Metadata-Version: 2.2
Name: kofu
Version: 0.2.1
Summary: An execution framework for i/o heavy task with memory persistence and concurrency
Home-page: https://github.com/avyuh/kofu
Author: avyuh
Author-email: contact@jhaabhi.com
Classifier: Programming Language :: Python :: 3
Classifier: License :: OSI Approved :: MIT License
Classifier: Operating System :: OS Independent
Requires-Python: >=3.6
Description-Content-Type: text/markdown
License-File: LICENSE
Requires-Dist: tqdm
Provides-Extra: dev
Requires-Dist: pytest>=6.0; extra == "dev"
Dynamic: author
Dynamic: author-email
Dynamic: classifier
Dynamic: description
Dynamic: description-content-type
Dynamic: home-page
Dynamic: provides-extra
Dynamic: requires-dist
Dynamic: requires-python
Dynamic: summary

# Kofu

[![PyPI version](https://img.shields.io/pypi/v/kofu.svg)](https://pypi.org/project/kofu)
[![Python Versions](https://img.shields.io/pypi/pyversions/kofu.svg)](https://pypi.org/project/kofu/)
[![License: MIT](https://img.shields.io/badge/License-MIT-yellow.svg)](https://opensource.org/licenses/MIT)

**Kofu** (Japanese for "Miner") is a Python framework for managing and executing concurrent tasks with built-in persistence.
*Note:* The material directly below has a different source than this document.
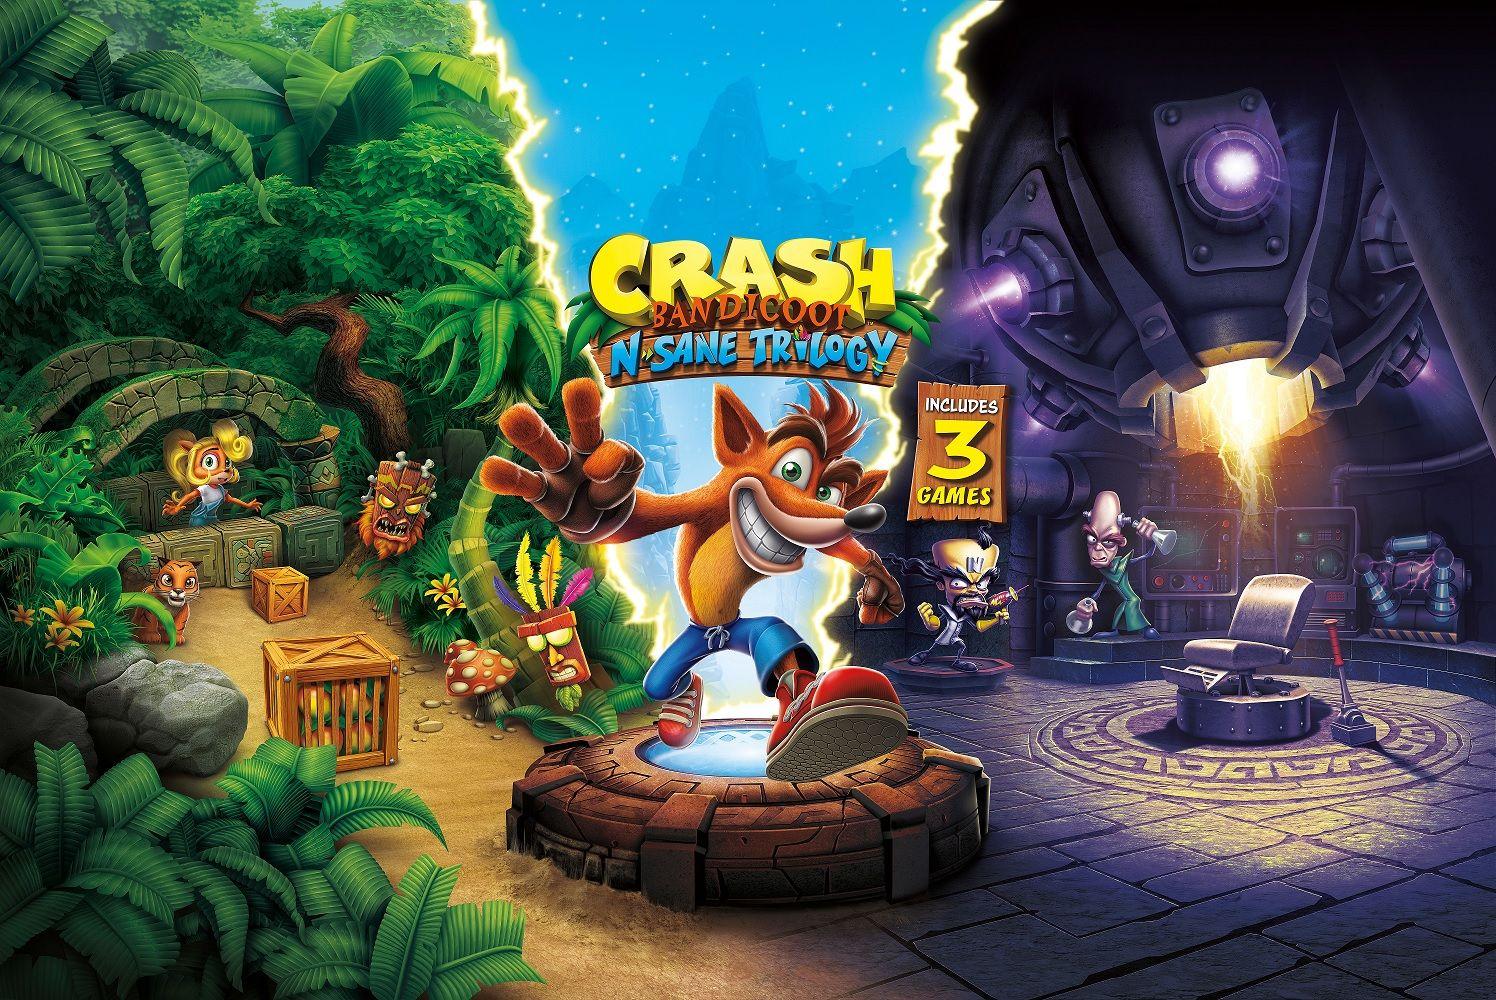 Crash Bandicoot N Sane Trilogy Art Crash Bandicoot Bandicoot Crash

It's designed for single-computer environments, particularly Colab notebooks, focusing on I/O-heavy operations such as web scraping and LLM-based workflows.

## Table of Contents
- [Features](#features)
- [Installation](#installation)
- [Quick Start](#quick-start)
- [Detailed Usage](#detailed-usage)
- [Colab Usage](#colab-usage)
- [LLM Prompting Example](#llm-prompting-example)
- [Advanced Features](#advanced-features)
- [Performance Considerations](#performance-considerations)
- [Contributing](#contributing)
- [Testing](#testing)
- [TODO](#todo)
- [License](#license)
- [Contact](#contact)

## Features

- **Concurrent Execution**: Run tasks in parallel using Python threads.
- **Persistence and Resumption**: 
  - Automatically resume pending or failed tasks after interruptions.
  - Store task statuses and results in SQLite (easily adaptable for Google Drive in Colab).
- **Idempotency**: Re-running the same set of tasks will only process incomplete ones.
- **Robust Error Handling**: 
  - Capture and store execution errors.
  - Configurable automatic retry for failed tasks.
- **Execution Control**:
  - Custom stop conditions for graceful termination.
  - Configurable concurrency levels.
- **Colab Compatibility**: Designed to work seamlessly in Colab notebooks, handling interruptions and restarts.

## Installation

Install from PyPI (recommended):

```bash
pip install kofu
```

For the latest development version, install from GitHub:

```bash
pip install git+https://github.com/avyuh/kofu.git
```

Kofu supports Python 3.7+.

## Quick Start

Here's a simple example to get you started with Kofu:

```python
from kofu import LocalThreadedExecutor, SQLiteMemory, SimpleFn

# Define tasks using SimpleFn
tasks = [
    SimpleFn(task_id="Python_(programming_language)", fn=download_wikipedia_page, args=("Python_(programming_language)",)),
    SimpleFn(task_id="Web_scraping", fn=download_wikipedia_page, args=("Web_scraping",)),
    SimpleFn(task_id="Concurrency_(computer_science)", fn=download_wikipedia_page, args=("Concurrency_(computer_science)",))
]

def download_wikipedia_page(page_name: str) -> str:
    import requests
    url = f"https://en.wikipedia.org/wiki/{page_name}"
    response = requests.get(url)
    return response.text[:100]  # Simulate task by returning first 100 characters of the page

# Set up memory for task persistence
memory = SQLiteMemory(path="tasks.db")

# Run the executor
executor = LocalThreadedExecutor(tasks=tasks, memory=memory, max_concurrency=2)
executor.run()

# Check task statuses
print(executor.status_summary())
```

### Explanation:
- **Tasks**: You can use `SimpleFn` to wrap simple functions as tasks. Here, we're downloading Wikipedia pages using the `download_wikipedia_page` function.
- **SQLiteMemory**: This stores the task status and results, allowing tasks to resume on failures or interruptions.
- **Executor**: The `LocalThreadedExecutor` runs tasks concurrently, with the option to set `max_concurrency` to control how many tasks run in parallel.

### Key Concepts:

1. **SimpleFn**: 
   - `SimpleFn` allows you to easily create tasks from functions without needing to define a custom class.
   - It requires a `task_id` (to uniquely identify the task) and a function (`fn`) along with its arguments (`args`).
   - In this example, `download_wikipedia_page` is the function that fetches a Wikipedia page, and `task_id` is the name of the page.

2. **SQLiteMemory**:
   - `SQLiteMemory` provides persistence by storing task statuses and results in an SQLite database (`tasks.db` in this case).
   - This ensures that you can resume or retry tasks after a failure or interruption without losing progress.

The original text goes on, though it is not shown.